The room fell silent. The men around the table were familiar with Christian Gillette.
“How do you know Gillette and Wood are meeting?” Trenton Fleming asked. Fleming had been jotting down a note, reminding himself to talk to Hewitt after the meeting about a deal they were working on together. “Our investment bankers talk to the Everest people all the time. I haven’t heard anything about that.”

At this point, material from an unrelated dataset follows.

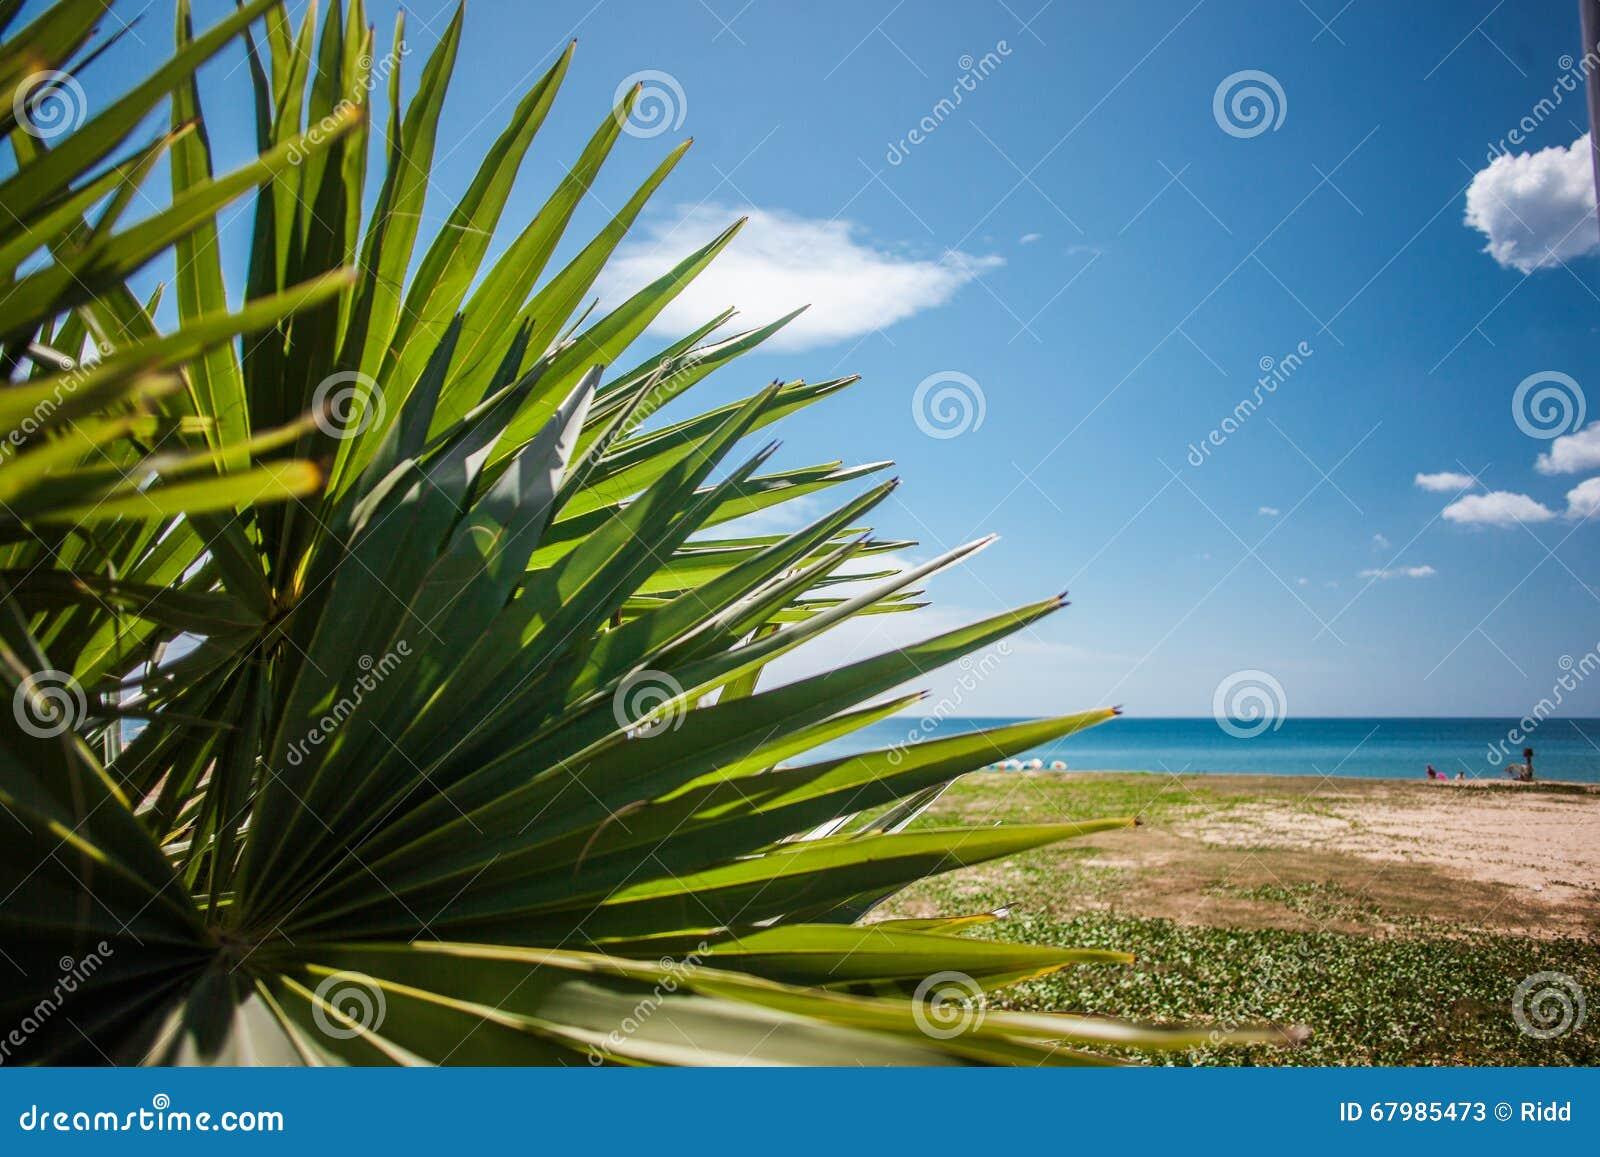 grande palmette sur la plage de mer littoral de sable image stock image du vert lagune 67985473. Black Bedroom Furniture Sets. Home Design Ideas

A nice touch, Hewitt thought to himself. Fleming making it seem like he was in the dark about it. In reality, Fleming was as savvy and calculating as they came—and a wonderful actor. “You wouldn’t have. The arrangements are being kept hush-hush,” Hewitt explained. “But we have help from inside Everest.” He had help from inside Jesse Wood’s camp, too, but that had to be kept secret. The individual’s life would be at stake if the connection were ever exposed. “A very credible source.”
“Who?” Kohler demanded.
“I can’t say, not even here.”
“When are they meeting?” Kohler asked.
“Soon.”
“Where?”
“It hasn’t been decided yet.” Hewitt knew, but he wasn’t going to tell Kohler. He wasn’t going to tell Kohler about the meeting he was having with Gillette, either. He didn’t like the way Kohler was acting, or how he seemed to be influencing McDonnell. He was starting to think Kohler might be the cancer.